That's very exciting!! Bernard's dad was a blue oriental - very handsome! I do love Havanas - fingers crossed the gene fairy grants your wish 

I would love to breed one day, still a long way off for me yet though


----------



## MollyMilo (Feb 16, 2012)

we love bsh's said:


> im exited about this thread you have 3 more posts to make b4 you can pm.Come on siamese breeders where are you all.:thumbup:


Noooo don't pm! It's all so interesting, keep it out in the open!

I am fascinated with all this

Good luck notnowbernard!! You are doing a fabulous thing

Where is that online prefix book?


----------



## Misi (Jul 13, 2009)

OrientalSlave said:


> Here you go:
> Siepoo Storm
> 
> The ultra-type modern Siamese are too much for me, I prefer the slightly less extreme Orientals. Of course I adore the very un-typy Caramel-point purring away right now. He has fabulous bright blue eyes as well.
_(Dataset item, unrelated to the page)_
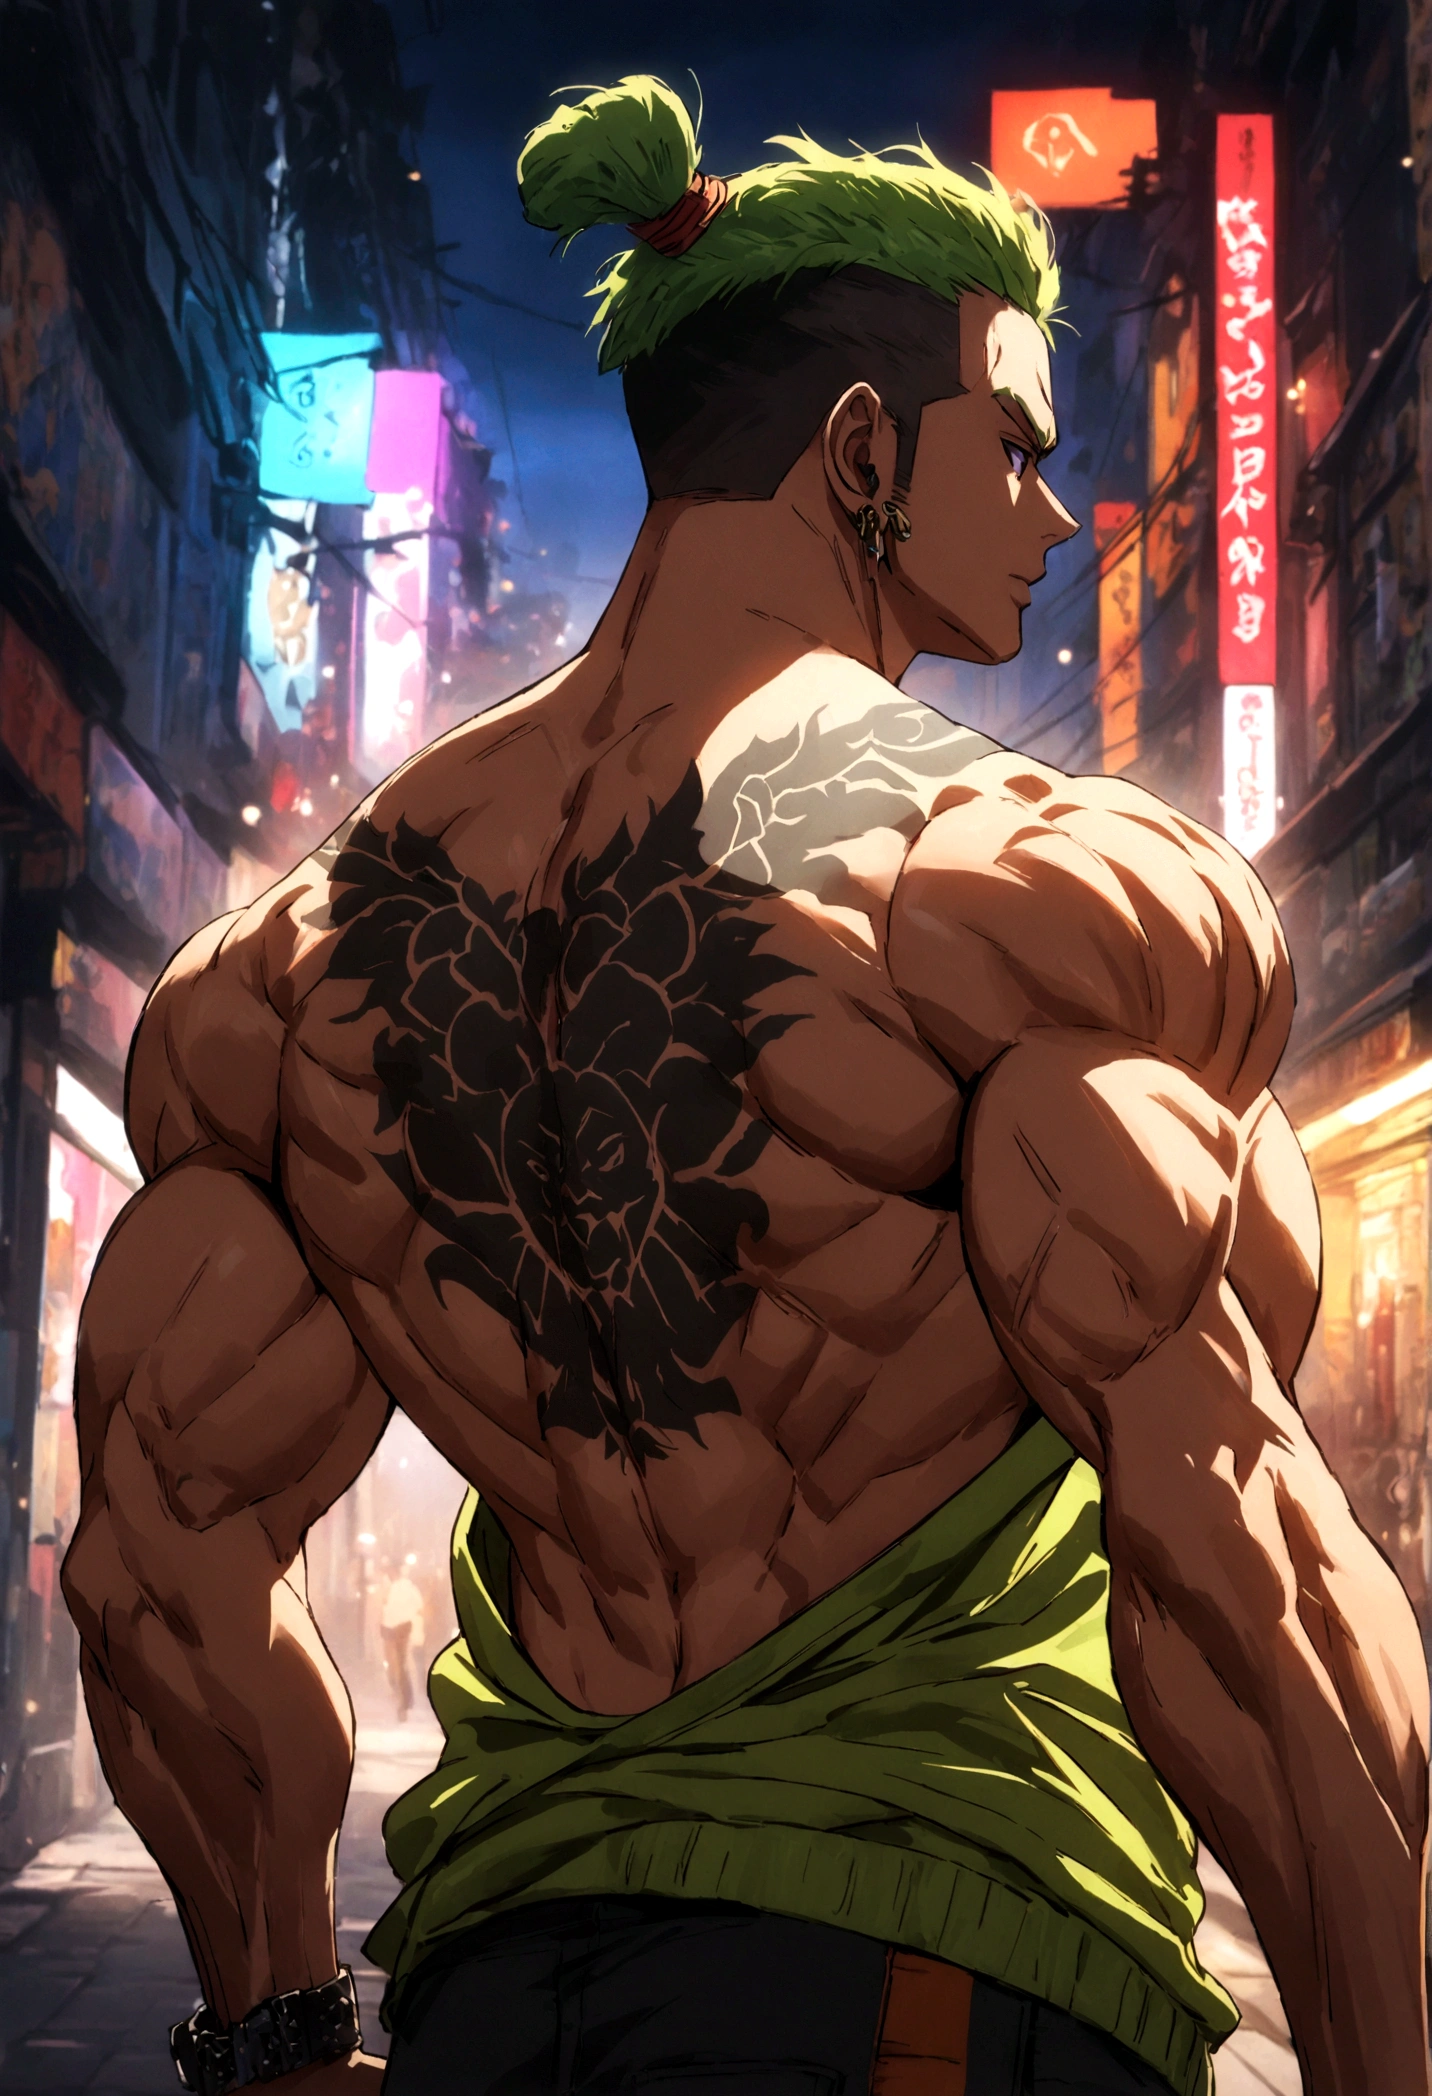 starker muskulöser Junge mit Guan Yu Tattoo auf seinem straffen nackten Rücken, Streetstyle, hochauflösende Details, urbane Atmosphäre, leuchtende Farben, dramatische Beleuchtung

OMG!! I didn't see this when I was Googling. Gotta love Pawpeds. Isn't is just amazing what you can find online, now???


----------



## Misi (Jul 13, 2009)

Cross-referencing the pedigrees in Pawpeds, I recognise loads of names from my Siamese lad's pedigree. I wish my mother would find his flipping pedigree!


----------



## louise cat crazy lady (Feb 1, 2011)

My grandma and grandad got their fist siamese cat in the 60's. He was from a breeder in Kent. He was called Celius. I can ask my grandma if she remembers the prefix or poss has his pedigree.


----------



## lymorelynn (Oct 4, 2008)

I have tracked down Solomon's pedigree - it's in the attic  but I will go up there over the weekend. I've been trying to remember some of the names on it but can only remember one - Tamarack Tao ... oooh just remember dad was something like Taspertu Spindleberg
ETA - found him on Pawpeds :thumbup:
Taspertu Spindleberg


----------



## louise cat crazy lady (Feb 1, 2011)

just looked on pawpeds and my boys names didn't come up when i put them in :confused1:


----------



## lymorelynn (Oct 4, 2008)

It's possible they haven't been added to the data base. I haven't put mine on there yet must get round to doing it.


----------



## louise cat crazy lady (Feb 1, 2011)

does the breeder do this? my boys are 2 so i guess they won't get added now if.


----------



## lymorelynn (Oct 4, 2008)

I think you can do it - you have to email copies of pedigree and registration slips. Click on submit info and it will tell you who to send it to. I've just looked and neither of Mai Tai's parents are on there but the dad to my kittens is :thumbup:


----------



## MollyMilo (Feb 16, 2012)

louise cat crazy lady said:


> just looked on pawpeds and my boys names didn't come up when i put them in :confused1:


i can only find my older Siamese on there too louise 

not to worry you don't need it. Just select another name from the next generation on your pedigree to search their ancestors


----------



## Notnowbernard (Jul 31, 2012)

louise cat crazy lady said:


> My grandma and grandad got their fist siamese cat in the 60's. He was from a breeder in Kent. He was called Celius. I can ask my grandma if she remembers the prefix or poss has his pedigree.


Hi Louise, wow - yes please! That would be great if you could? Thank you 



lymorelynn said:


> I have tracked down Solomon's pedigree - it's in the attic  but I will go up there over the weekend. I've been trying to remember some of the names on it but can only remember one - Tamarack Tao ... oooh just remember dad was something like Taspertu Spindleberg
> ETA - found him on Pawpeds :thumbup:
> Taspertu
> Spindleberg


Thank you Lynn, I really appreciate your help  I looked through the photos again earlier and there was one made into a Christmas card dated 1956 - the handwriting is hard to decipher but it looks as though the cats name is 'Paske' or something along those lines. Of course, if it's just a pet name it may have nothing to do with her registered name and be of no use, but it's a good starting point!!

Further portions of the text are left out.